▸ What is required:
Your output should be everything below from the line containing "В посылке из" down to the line containing "đặt mua thứ", both ends included, copied exactly, with pictures left out.
** Dataset extract follows **
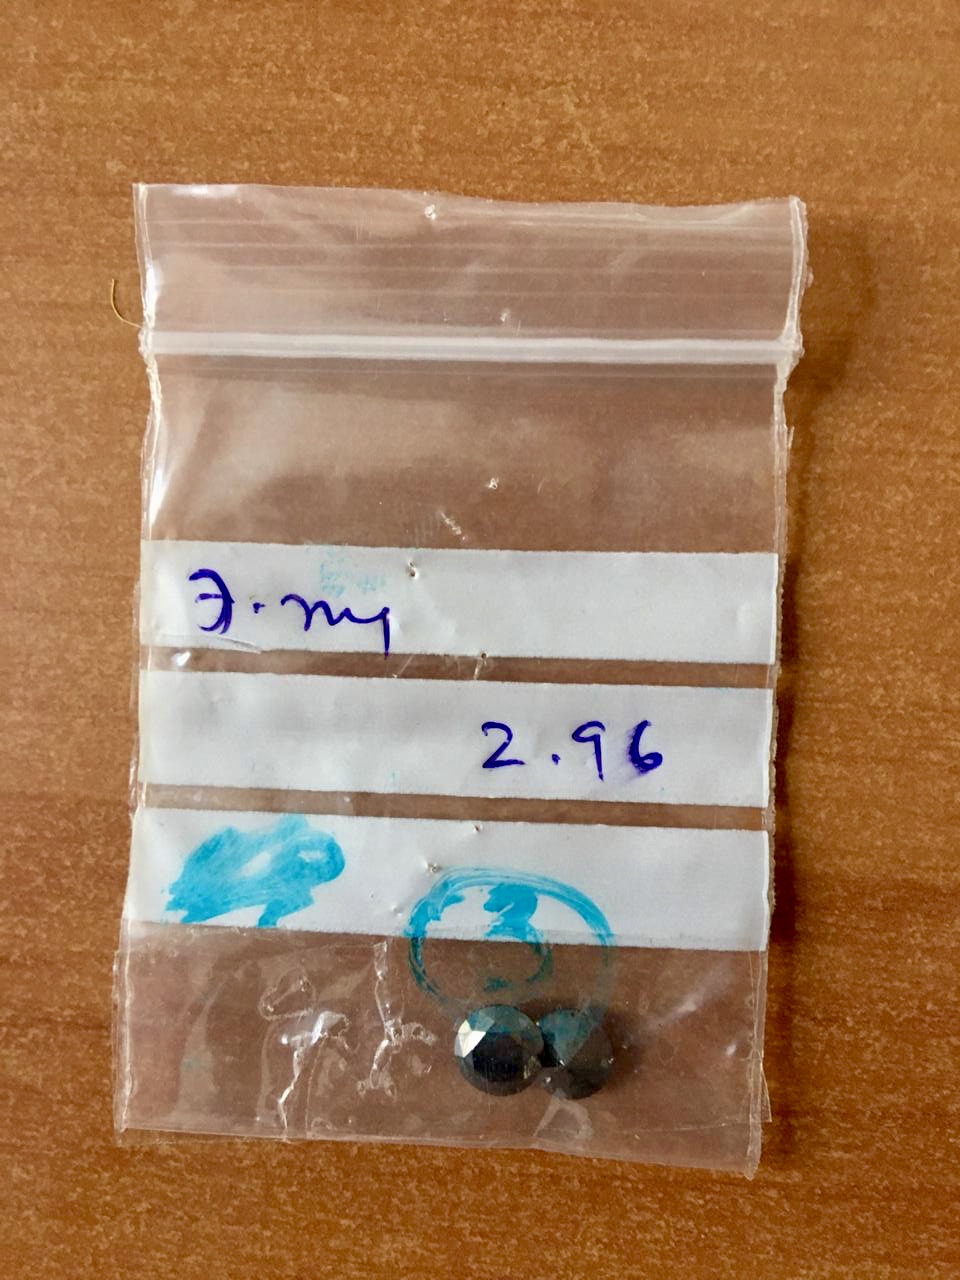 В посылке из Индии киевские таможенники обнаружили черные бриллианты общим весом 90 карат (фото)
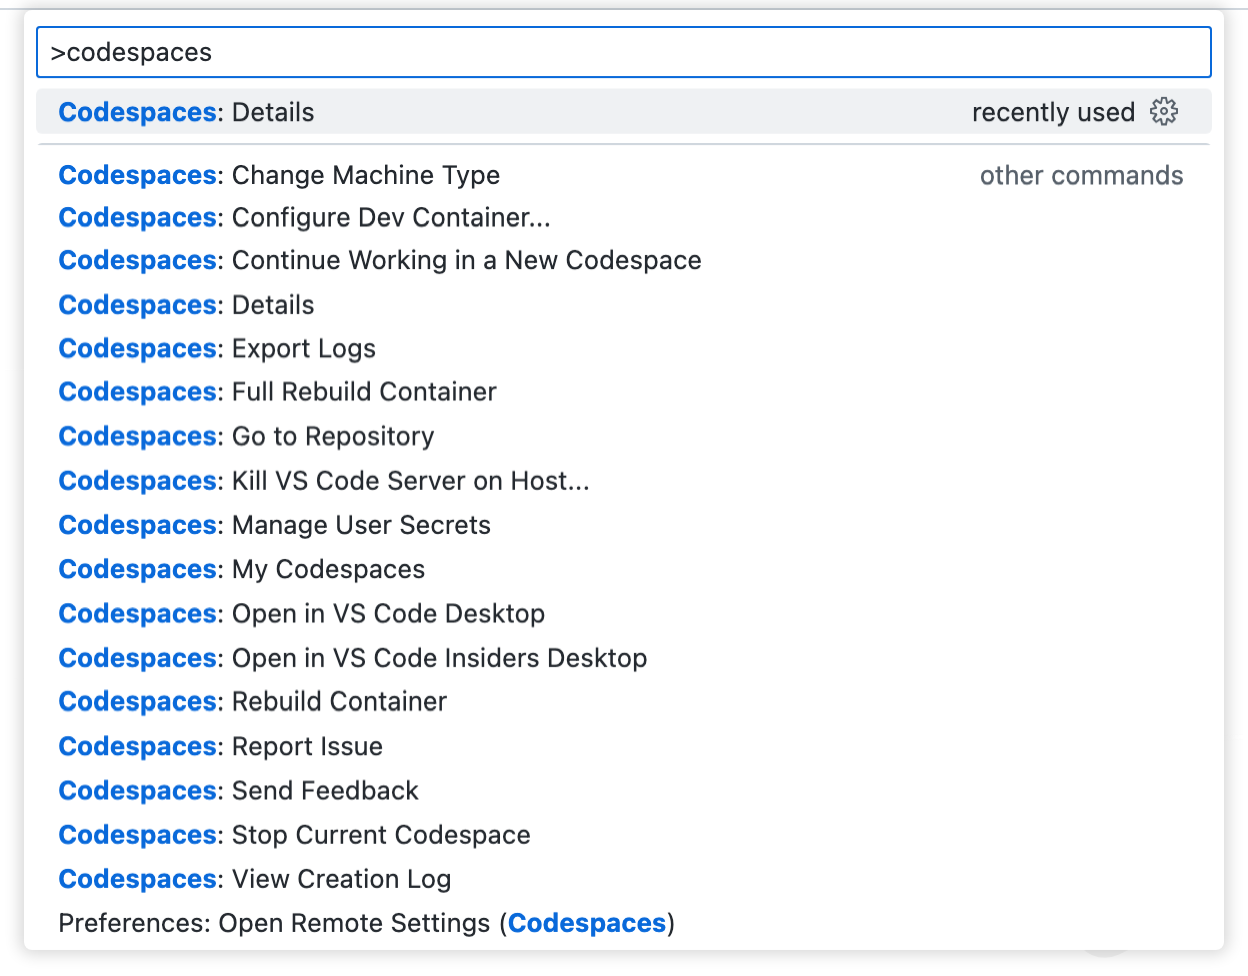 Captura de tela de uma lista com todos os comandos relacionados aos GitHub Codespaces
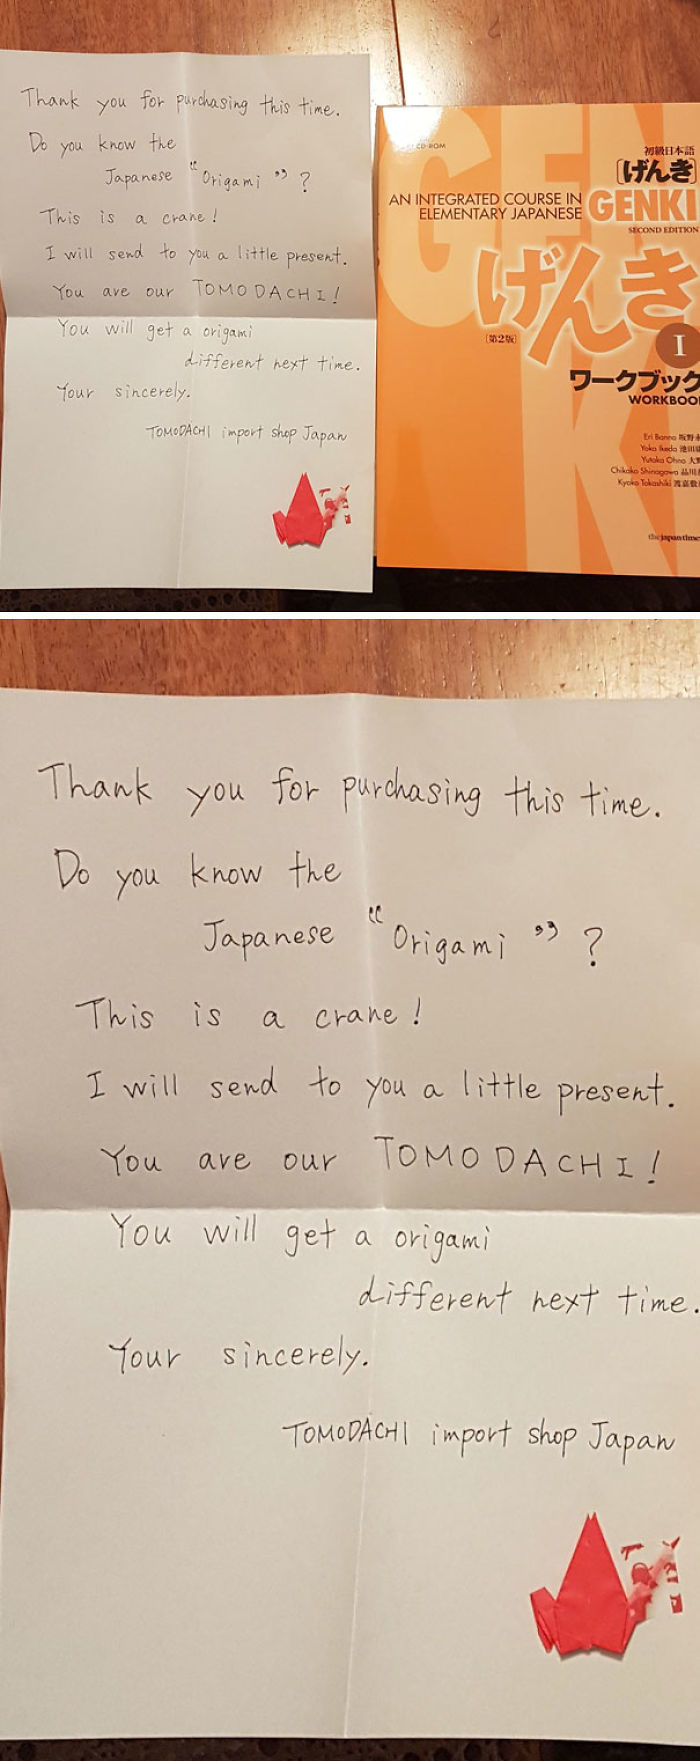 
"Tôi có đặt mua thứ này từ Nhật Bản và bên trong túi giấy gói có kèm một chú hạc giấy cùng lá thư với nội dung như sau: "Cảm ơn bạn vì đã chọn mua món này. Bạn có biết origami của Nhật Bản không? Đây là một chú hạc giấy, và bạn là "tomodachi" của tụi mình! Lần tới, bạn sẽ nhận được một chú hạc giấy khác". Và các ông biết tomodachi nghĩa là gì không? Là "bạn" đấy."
** End of Dataset extract **
** Dataset extract follows **
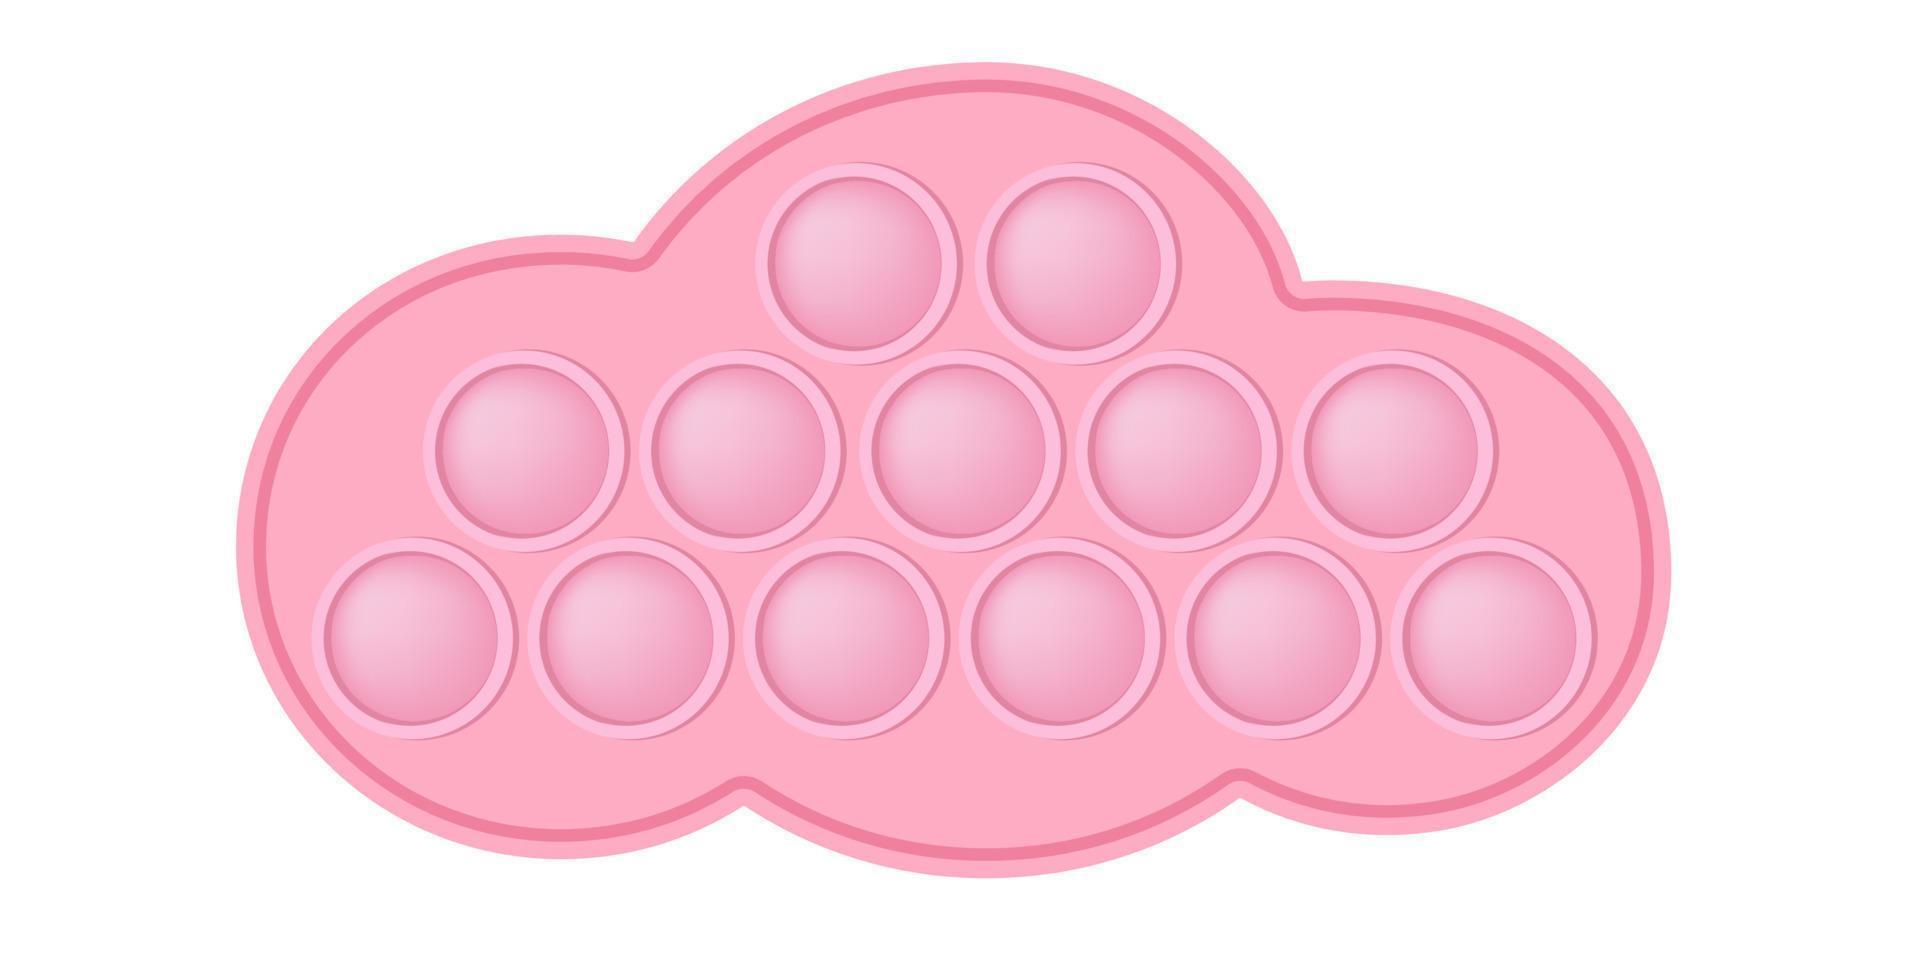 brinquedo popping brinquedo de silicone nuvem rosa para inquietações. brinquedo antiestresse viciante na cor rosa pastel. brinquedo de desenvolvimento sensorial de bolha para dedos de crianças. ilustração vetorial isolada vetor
** End of Dataset extract **
▸ Output of the exercise:
 В посылке из Индии киевские таможенники обнаружили черные бриллианты общим весом 90 карат (фото)
 Captura de tela de uma lista com todos os comandos relacionados aos GitHub Codespaces
"Tôi có đặt mua thứ này từ Nhật Bản và bên trong túi giấy gói có kèm một chú hạc giấy cùng lá thư với nội dung như sau: "Cảm ơn bạn vì đã chọn mua món này. Bạn có biết origami của Nhật Bản không? Đây là một chú hạc giấy, và bạn là "tomodachi" của tụi mình! Lần tới, bạn sẽ nhận được một chú hạc giấy khác". Và các ông biết tomodachi nghĩa là gì không? Là "bạn" đấy."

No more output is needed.